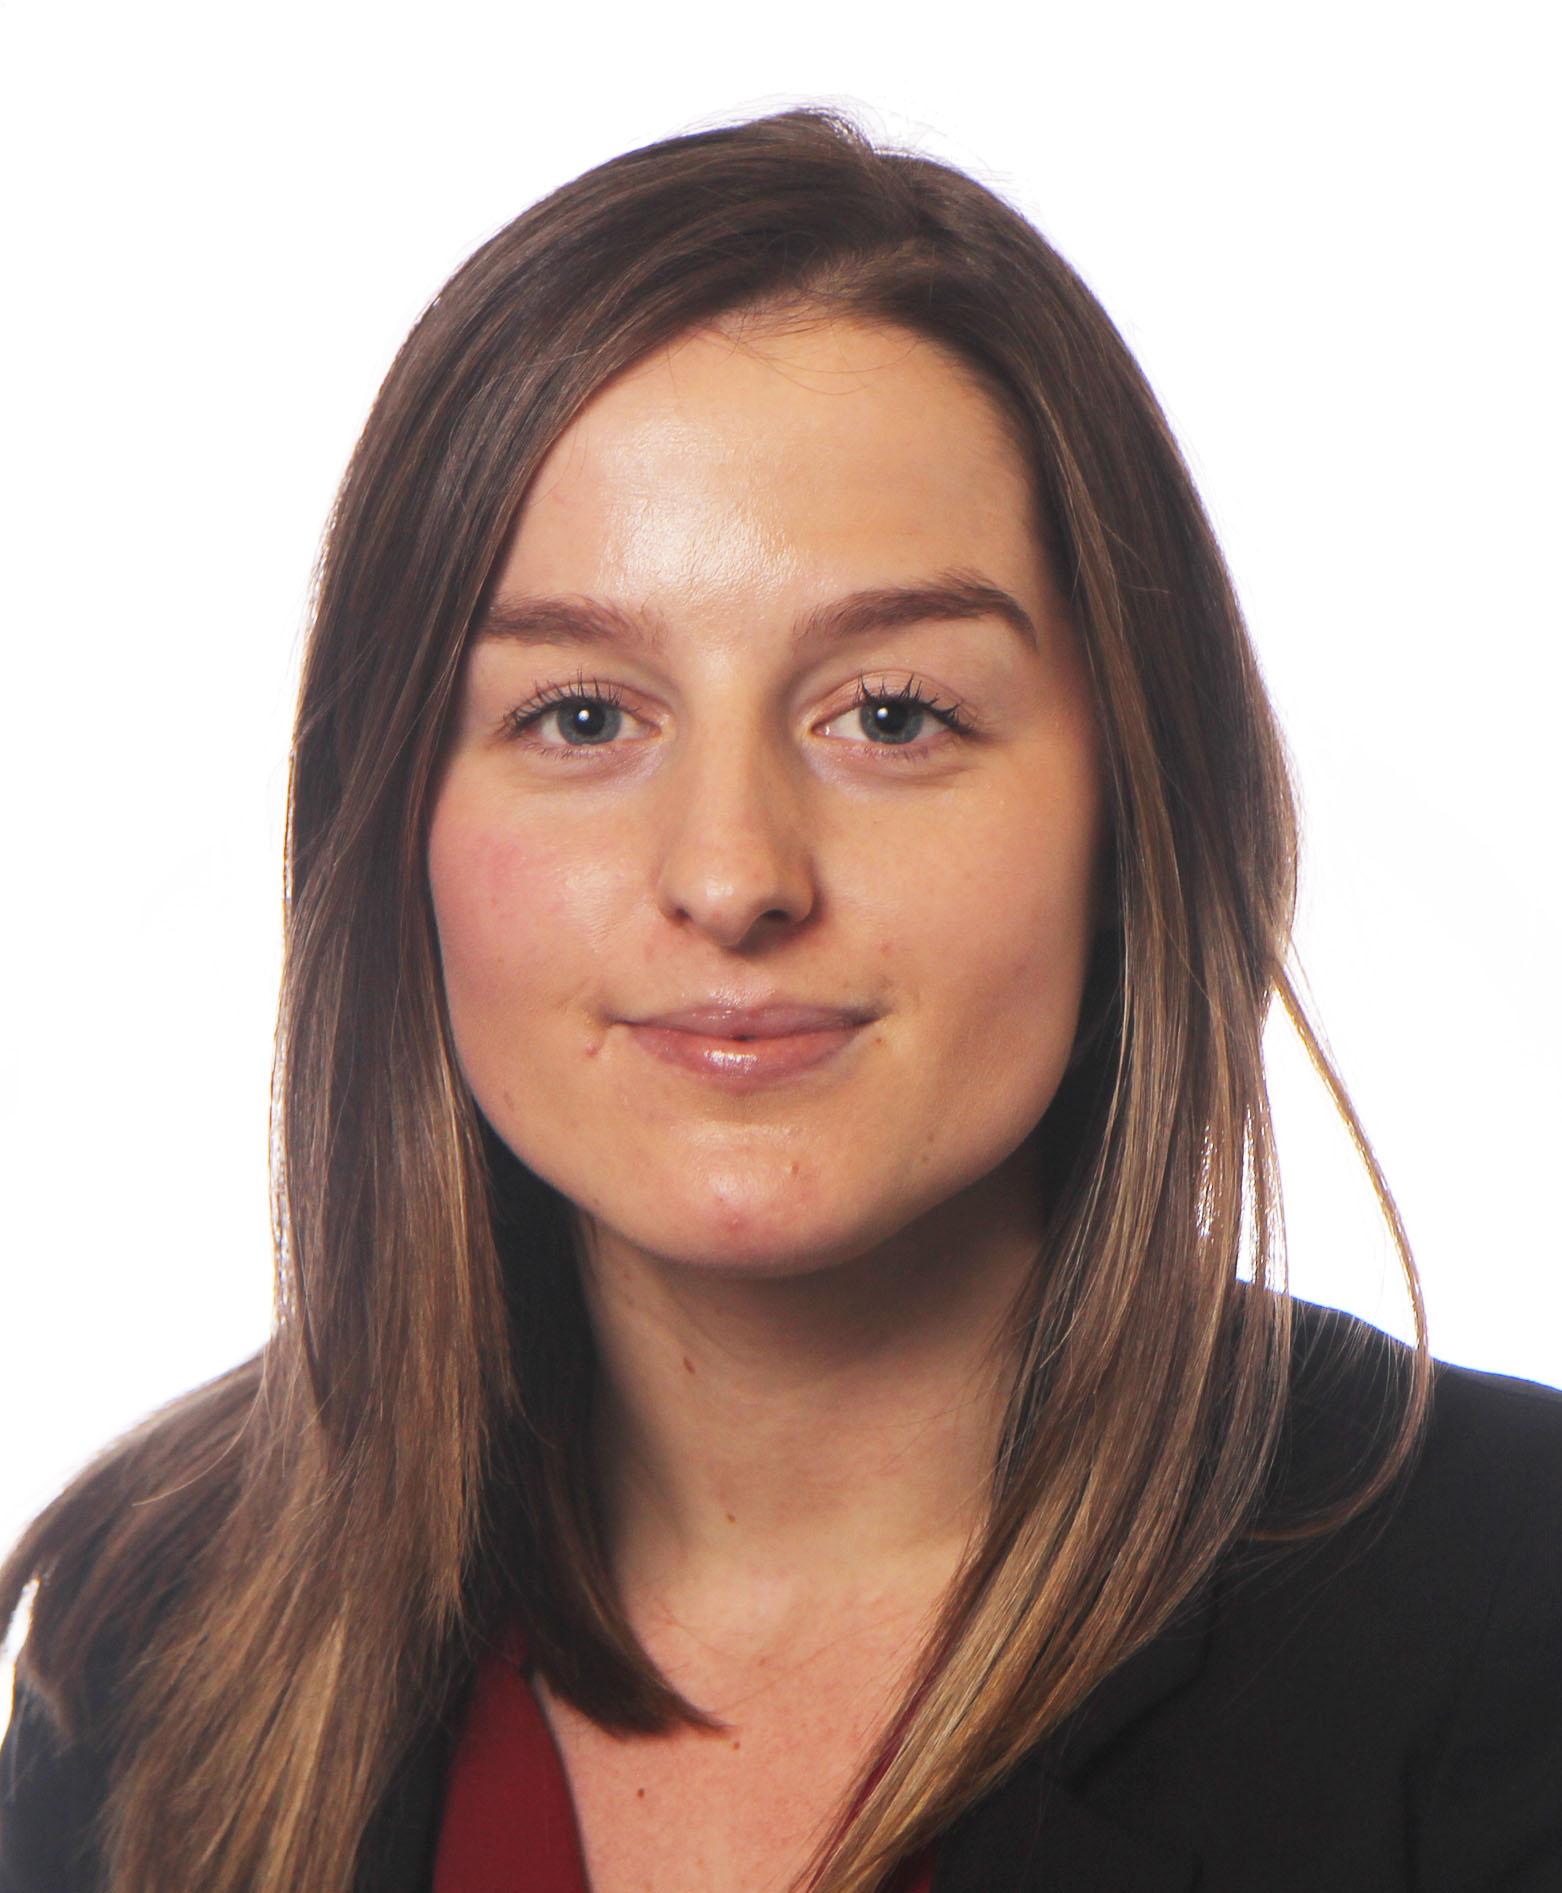 Samantha Pearson
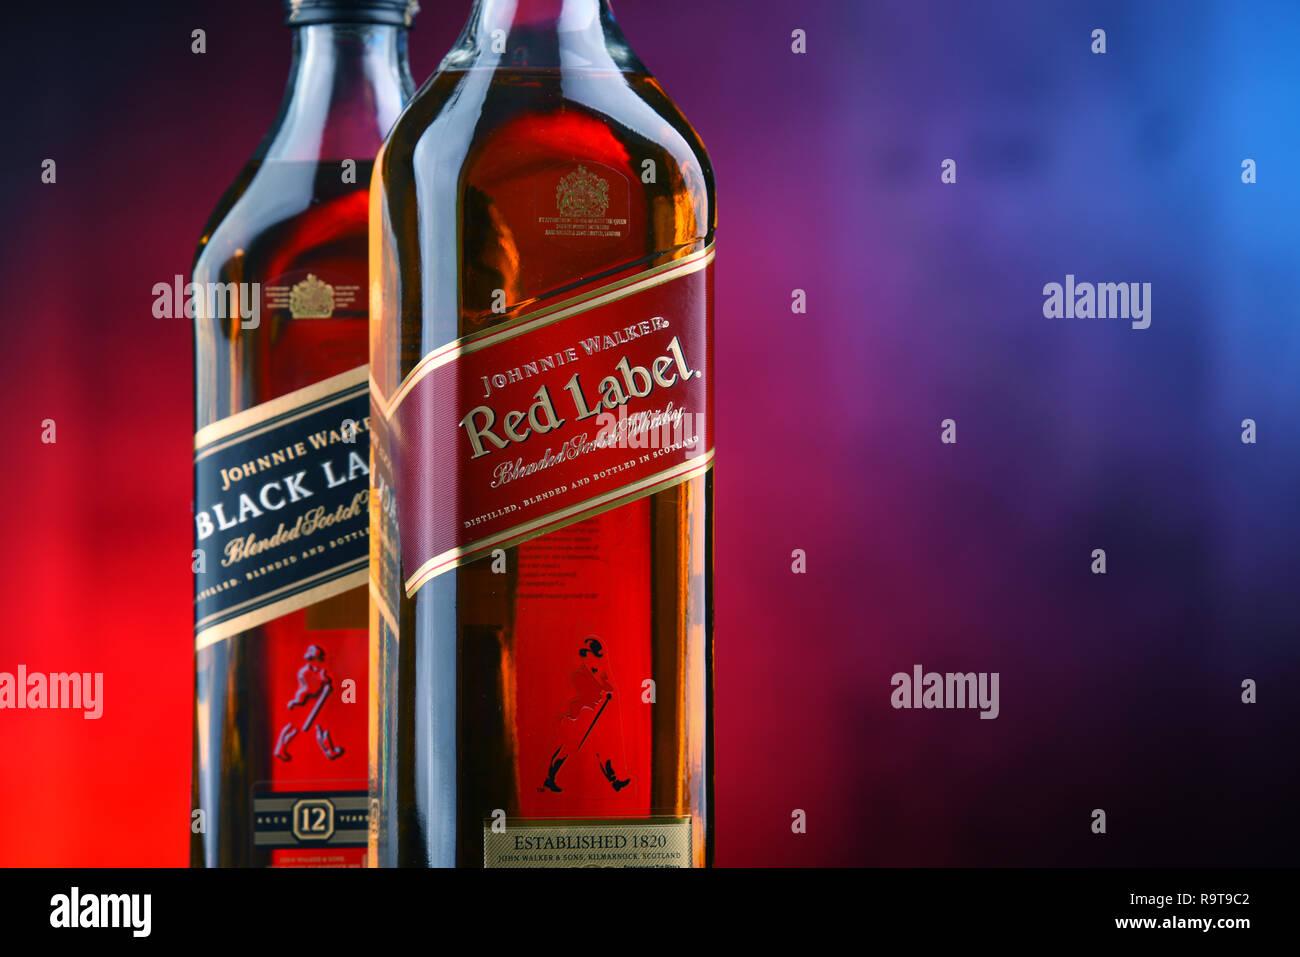 Johnnie Walker Red Label Stock Photos & Johnnie Walker Red
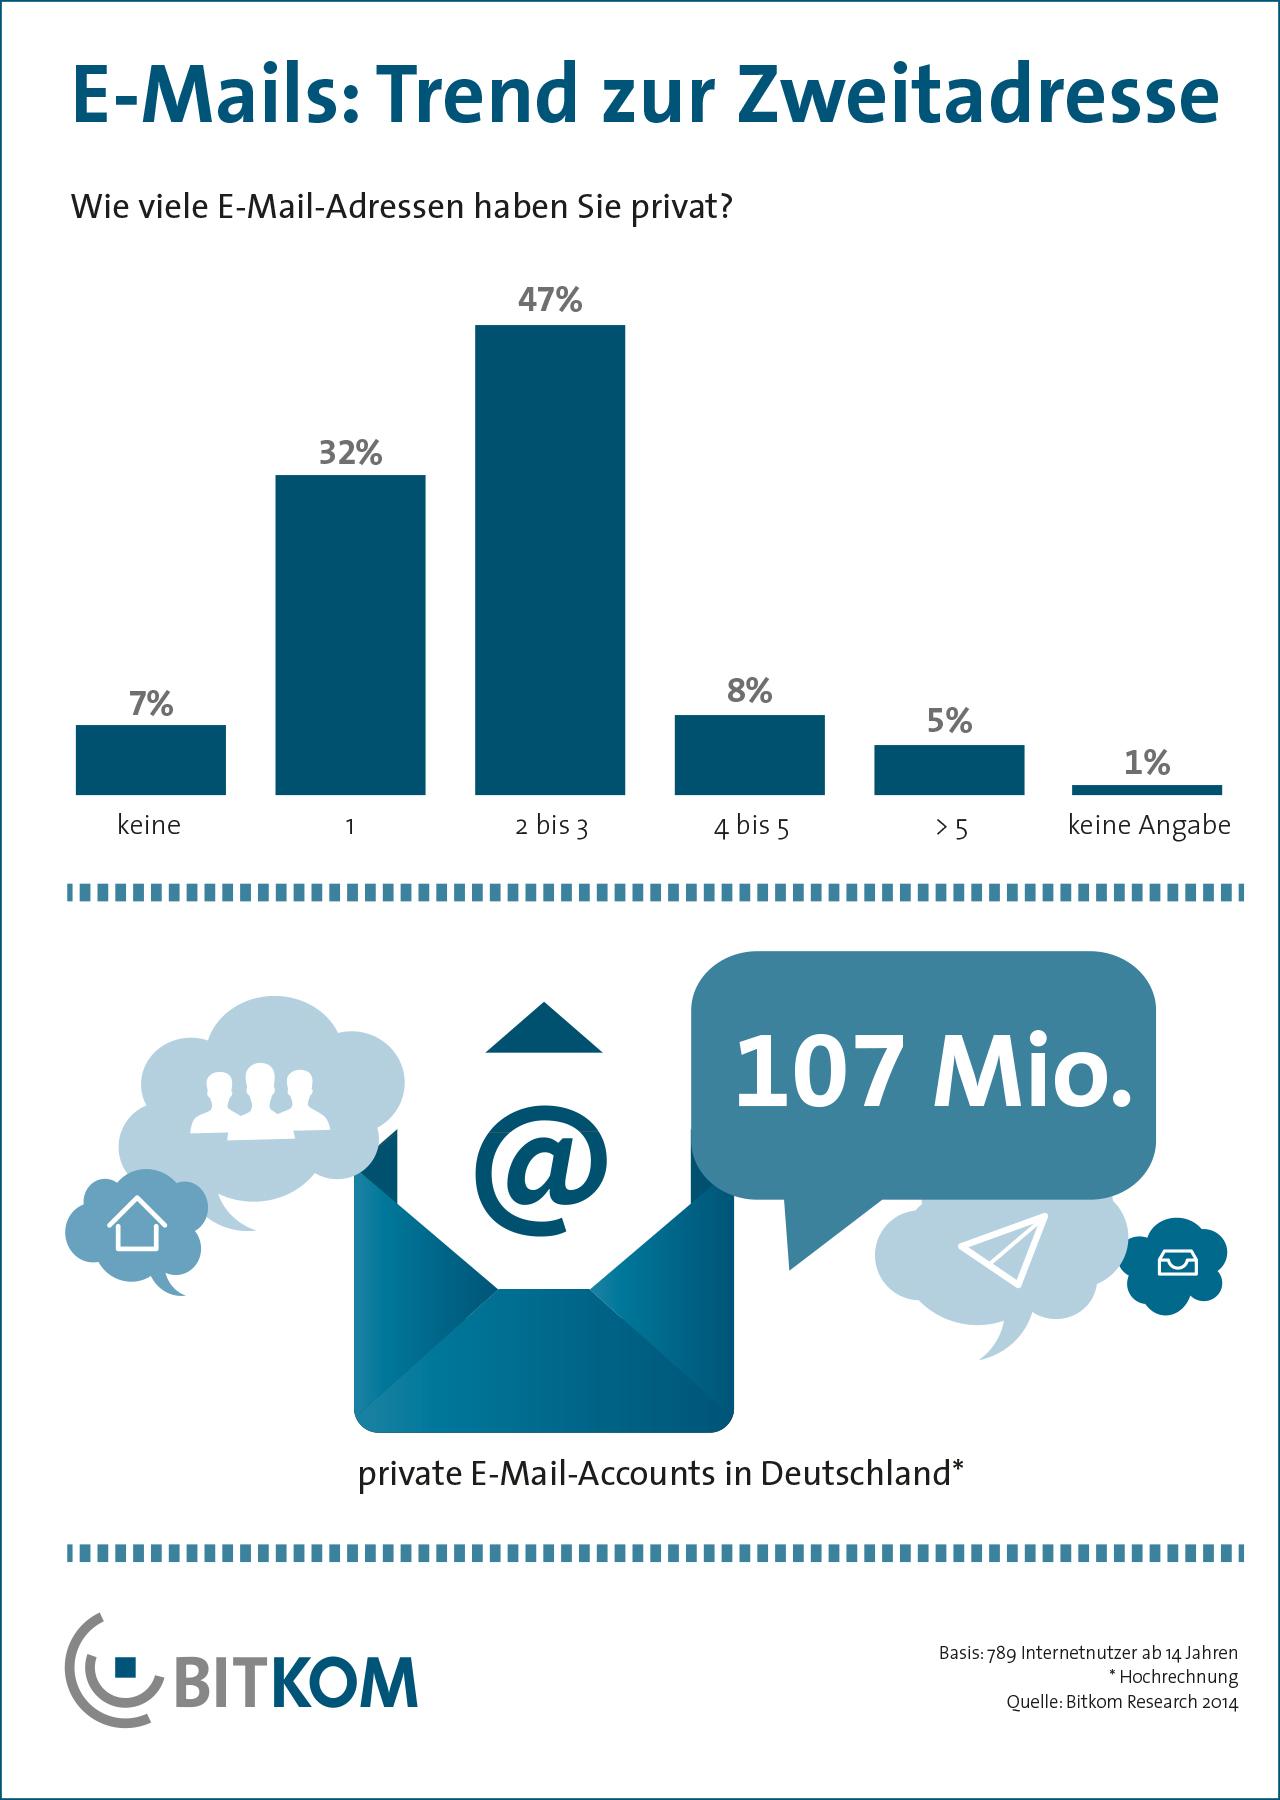 E-Mails: Trend zur privaten Zweitadresse

Work instructions> The listing above must be repeated exactly, apart from the pictures.

Result for this exercise>
 Samantha Pearson
 Johnnie Walker Red Label Stock Photos & Johnnie Walker Red
 E-Mails: Trend zur privaten Zweitadresse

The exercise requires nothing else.